Former AIG Chairman and CEO Hank
Greenburg whose Star International company owned roughly 12 percent of AIG
prior to the bailout and now holds an approximately 9 percent stake has filed
multiple lawsuits against the government alleging that the bailout was unfair
to the company’s shareholders and that the 14 percent interest rate charged by
the Federal Reserve was punitive and unfair.
Greenburg also alleges that the 2008 deal which furnished the government
with a sizable percentage of ownership in the company equates to unlawful
seizure without just compensation in violation of the constitution. His lawsuit is seeking approximately $25
billion in damages.
Had the government sat back and
watched AIG go bankrupt, it’s highly likely that their shareholders would have
lost most or all of their financial interest in the company so it’s hard to see
how the bailout was unfair to them. A 14
percent interest rate can hardly be considered excessive or punitive when many
American’s pay higher rates on their credit cards each month. In addition, it is also very hard to conceive
how $182 billion and avoidance of bankruptcy can be considered unjust
compensation for the ownership stake the government received. Lastly, it’s not like the government forced
the company into this deal. AIG was
given the option and they accepted, plain and simple.

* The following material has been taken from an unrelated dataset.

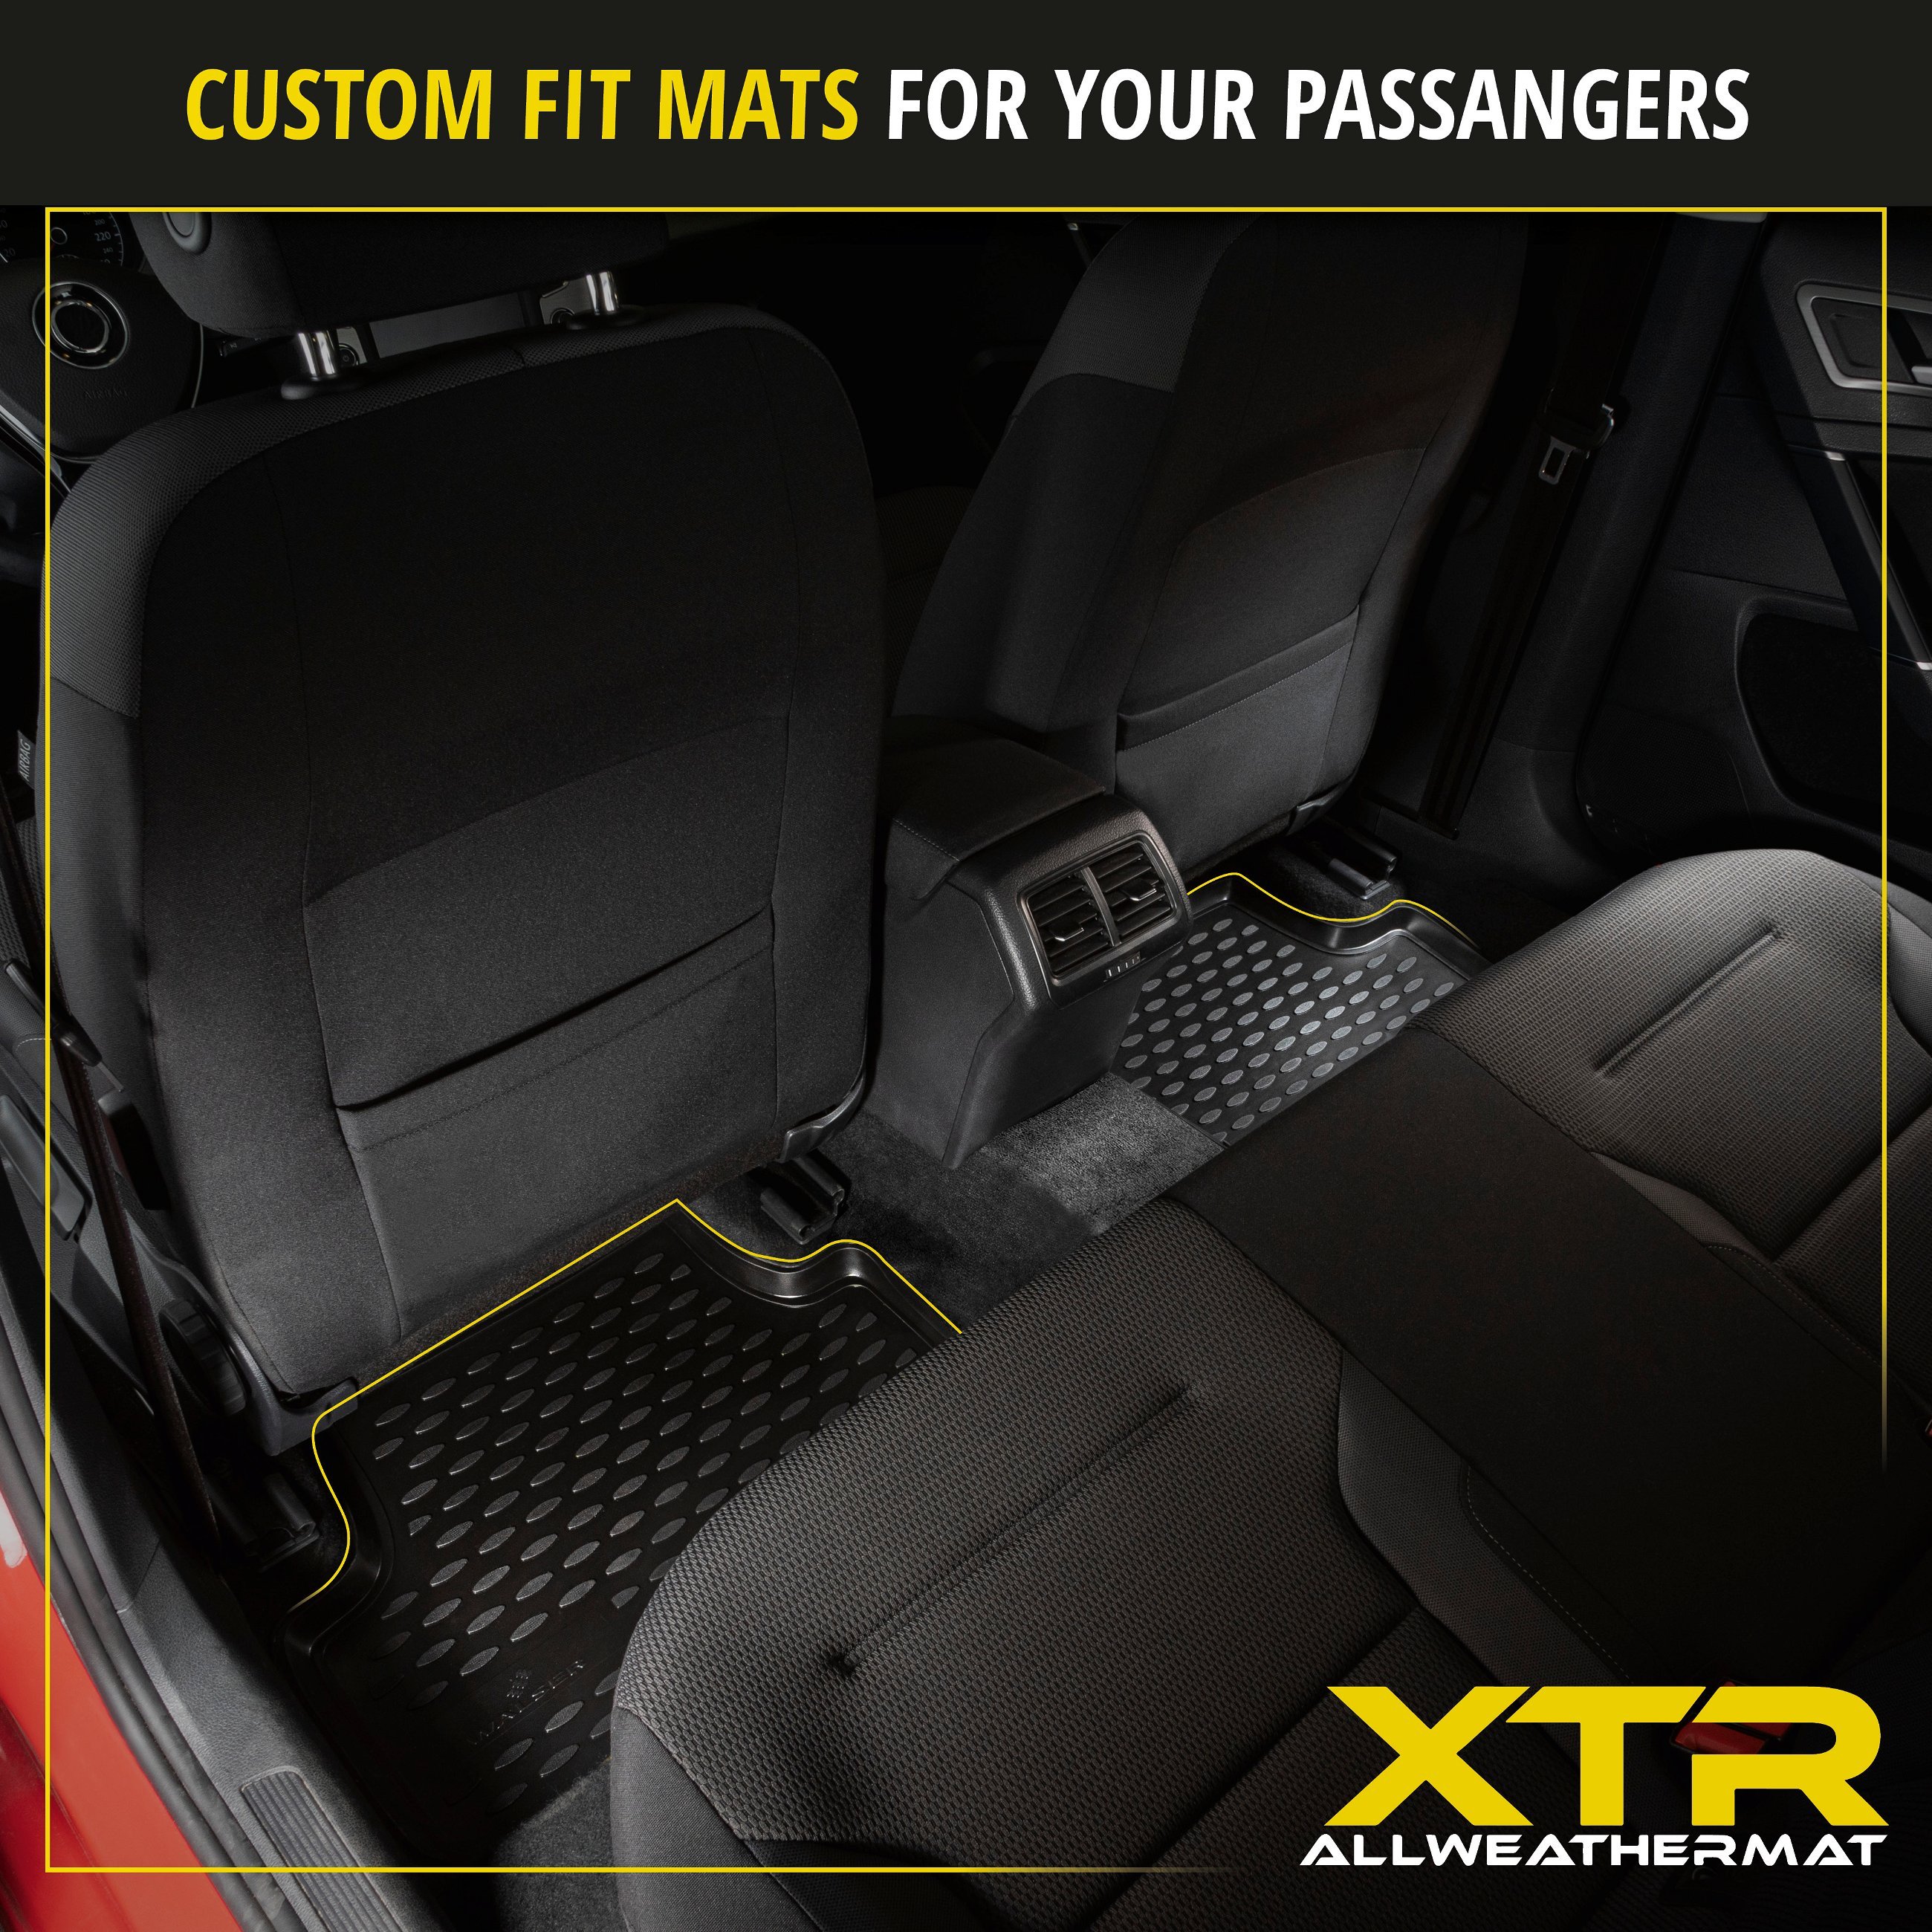 XTR Rubber Mats for Audi A6 (C7) Avant 05/2011 - 09/2018, A6 Allroad 01/2012 - 09/2018

In what has become a PR nightmare for AIG, Greenburg has been attempting to convince the company’s board of directors to join his lawsuit. This idea has caused renewed outcries across traditional and social media outlets including everything from political cartoons satirizing the idea, comparing it to the possibility of a drowning victim suing the lifeguard who rescued him, to much more vulgar and personal attacks against current AIG CEO Robert Benmosche. For AIG to accept the bailout and then turn around and sue their rescuer is the epitome of looking a gift horse in the mouth.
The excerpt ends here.